Довольно серьезная опасность грозила всѣмъ странамъ, расположеннымъ по рѣкамъ, которыя впадаютъ въ устье Ла-Платы. Дѣйствительно, еслибы Бразилія овладѣла Монтевидео, то вслѣдствіе этого аргентинскія провинціи Энтреріосъ, Корріэнтесъ, Сантафе, а также и независимая парагвайская республика были бы совершенно заперты блокадою и совершенно подчинились бы произволу двухъ стражей устья. Итакъ, для прибрежныхъ странъ это становилось вопросомъ жизни или смерти. Между всѣми южно-американскими республиками Парагвай первый объявилъ свободу рѣкъ трактатомъ 4 марта 1863 года. Теперь свобода эта становилась иллюзіей и, рано или поздно, самой силою событій, всѣ страны, орошаемыя Парагваемъ и Параною, должны были бы подпасть власти Бразиліи, которая завладѣла бы устьями этихъ рѣкъ подобно тому, какъ она владѣетъ теперь ихъ источниками. Аргентинскія провинціи Энтрэріосъ и Корріэнтесъ, стѣсняемыя дѣйствіемъ Буэносъ-Айреса — главнаго центра республики — могли протестовать только на половину, а Парагвай долженъ былъ дѣйствовать одинъ.
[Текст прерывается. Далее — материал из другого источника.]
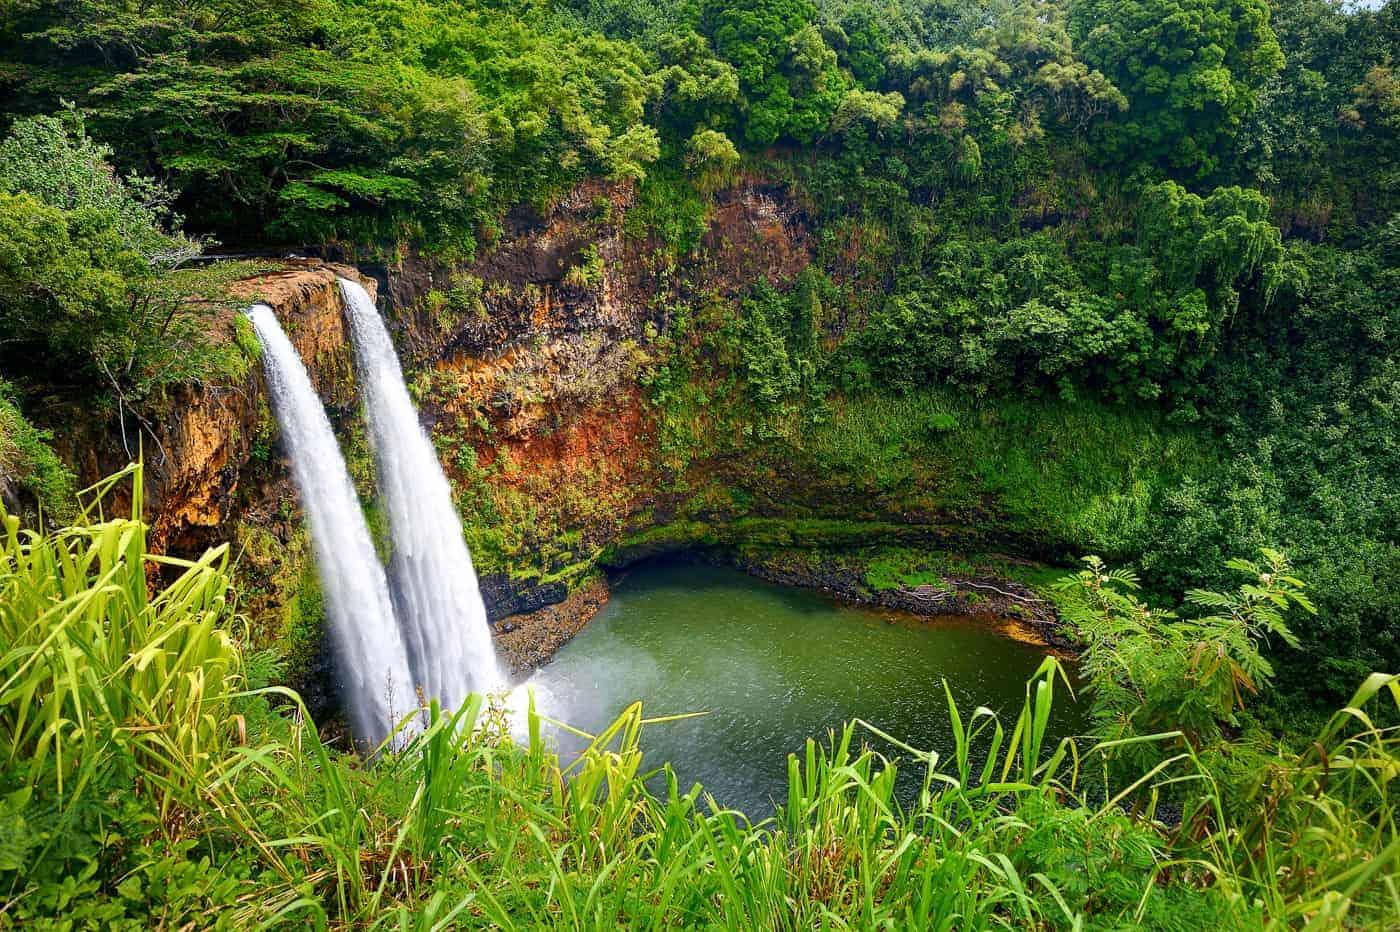 kauai itinerary travel guide 5

Президентъ Лопесъ объявилъ, что если Бразилія исполнитъ свою угрозу по отношенію къ Восточной Республикѣ, то онъ сочтетъ это вмѣшательство равносильнымъ объявленію войны. Министры Ріо-Жанейро не обратили большого вниманія на этотъ протестъ и умышленно сочли его не больше, какъ хвастливымъ задирательствомъ. Урагвай былъ занятъ, его главный городъ бомбардированъ, затѣмъ, послѣ капитуляціи, его защитники были перебиты — и Флоресъ, сдѣлавшійся бразильскимъ генераломъ, торжественно вступилъ въ свой богоспасаемый городъ Монтевидео. Между тѣмъ президентъ Лопесъ, вѣрный своему обѣщанію, при первомъ же извѣстіи о вмѣшательствѣ, задержалъ императорское судно, шедшее вверхъ по рѣкѣ, къ Матто-Гроссо, и чтобы заставить Митре разоблачить свои планы, Лопесъ потребовалъ отъ него свободнаго прохода для своихъ войскъ чрезъ аргентинскую область, отдѣлявшую его отъ бразильской провинціи Ріо-Гранде-де-Суль. Генералъ Митре отвѣчалъ заключеніемъ союзнаго договора съ Бразиліей и принялъ на себя титулованіе президента республики и генералиссимуса императорскихъ войскъ. Секретными статьями присоединенными къ трактату и послѣ сообщенными однимъ изъ подписавшихся британскону парламенту, было постановлено, что Парагвай лишится значительной части своей территоріи, что правительство его будетъ преобразовано союзниками, и что втеченіи пяти лѣтъ столица его будетъ занята побѣдителемъ. Союзный договоръ этотъ былъ подписанъ 1 мая 1865 года. Опьяненный этимъ дипломатическимъ успѣхомъ, генералъ Митре вообразилъ себя властителемъ судебъ. «Чрезъ три дня въ поле, чрезъ три дня въ Ассунсіонъ!» величественно возгласилъ онъ. Но прошли три мѣсяца, втеченіе которыхъ онъ не сдѣлалъ ничего особенно блистательнаго; однако, благодаря громадному превосходству союзныхъ силъ, имъ удалось, послѣ борьбы, продолжавшейся цѣлый годъ, оттѣснить Лопеса за предѣлы бразильской территоріи и нровинціи Корріэнтеса. Вѣроятно, обманутый обѣщаніями энтреріосскаго диктатора — генерала Уркиса, неимѣвшаго достаточно рѣшительности, чтобы дѣйствовать въ удобную минуту, — президентъ Парагвая долженъ былъ отступить, оставивъ даже свой авангардъ, запертый въ Уругвайнѣ. Послѣ нѣсколькихъ дѣлъ и схватокъ, Лопесъ очистилъ аргентинскую область и, проходя чрезъ Парану, расположился своей главной квартирой въ крѣпости Гунаитѣ.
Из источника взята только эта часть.